Can I be selfish for a little bit?
Can I be selfish for a moment? I'm hurting right now, and I just want a hug.
Towards the end of March, my sister-in-law walked out on my brother after a drunken fight. We didn't see this coming, and her family is basically forcing pressuring her into a complete divorce. At the request of my family to avoid further pain to both my brother and sister-in-law, I'm not speaking with her. My parents don't want me to contact her first, and she hasn't contacted me. I really miss her and I really want to talk to her again. It hurts that I can't just randomly text her anymore, and knowing that she hasn't reached out to me makes me really upset. I'm starting to wonder if she'll miss me at all when everything is over. My sister-in-law and I are were very close. She and my brother met in high school, and we've gotten along wonderfully since day 1. They would have been married for 3 years this coming October. She and I have shared everything, from shoes to pants to accessories to secrets. We've been more than sister-in-laws since their wedding; she's been my older sister in every way. I used to go to her all the time for advice, and she used to vent to me about the little things. We would go out for lunch, go thrift-shopping together, or go on long walks just to talk. I'm scared. If their divorce goes through, I'm scared I won't be able to do those things with her anymore. I feel like I'm losing my sister, and it honestly hurts.
I'm at university, 2.5 hours away from home, so I'm not there with the rest of my family during this time. I don't know when I will see her again, and part of me is scared that I won't see her again.

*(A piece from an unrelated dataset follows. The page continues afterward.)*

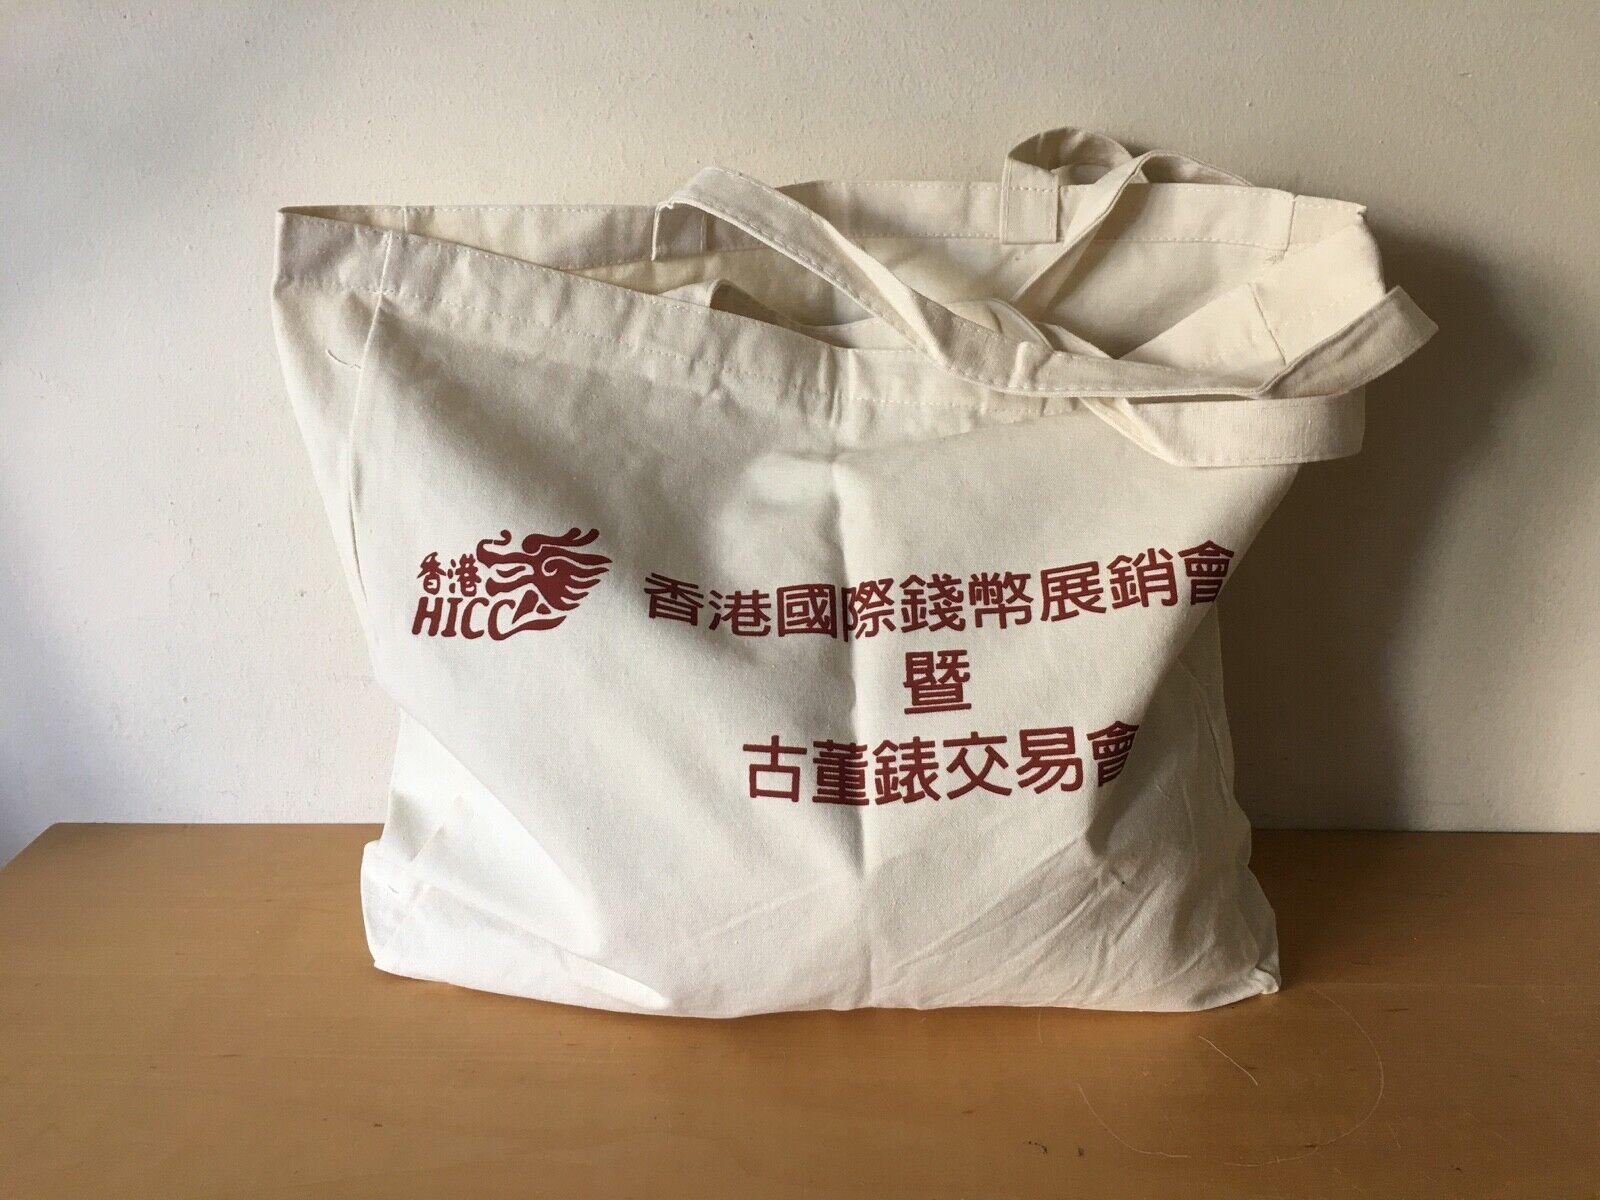 New - Bag H. I. C. Hong Kong International Coin Convention - Bag - Canvas Canvas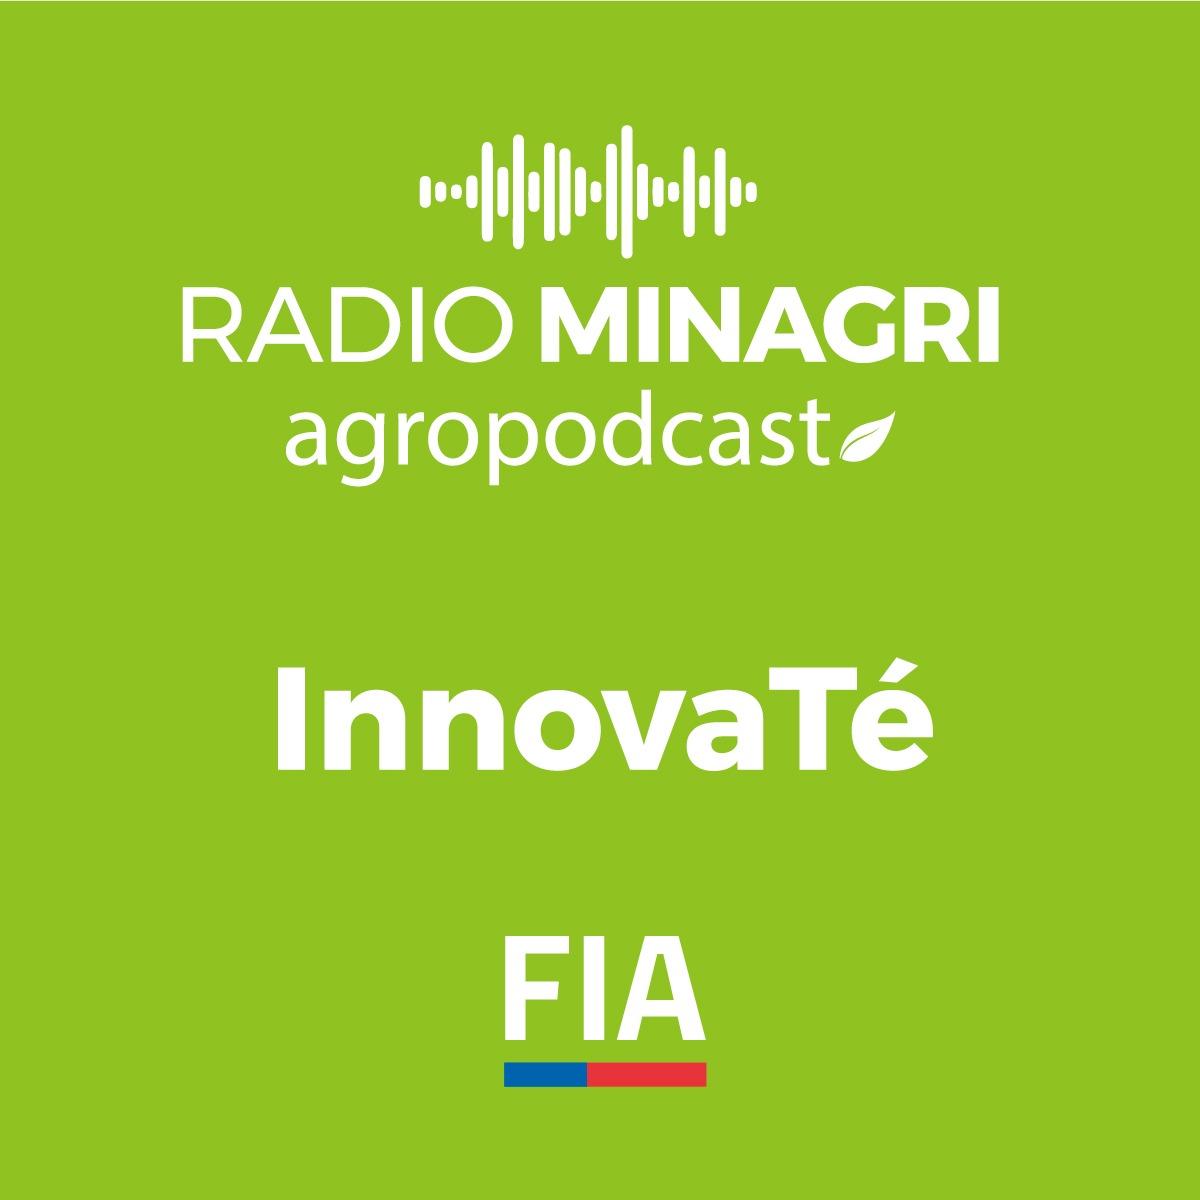 InnovaTé – Episodio 4: Primera plantación de wasabi en Chile

I may be overreacting a bit, but I'm sad.
(This is me with my brothers and sister-in-law (on the right) with another friend.)
Around this time last year, my brother and his long-time girlfriend broke up as well. I had accepted that girl as a sister too, and she, my sister-in-law, and I used to go out and have random sister dates. When my brother and his girlfriend split, she and I didn't talk as much. We still talk, but we're not as close as we were before and I know that I have lost some of her. I really don't want this to happen to me and my sister-in-law, but I don't know how to stop it. I've lost 2 sisters in 2 years, and it hurts.
(This is us Christmas 2011. (I'm in the middle.))
The three of us were as close as real sisters, and I can't believe I'm losing both of these amazing women. They've helped shape me into the (19 year old) woman I am today, and I don't know what I will do without these constant presences in my life. My sisters, I miss you! Please don't forget about me, ok? I love you.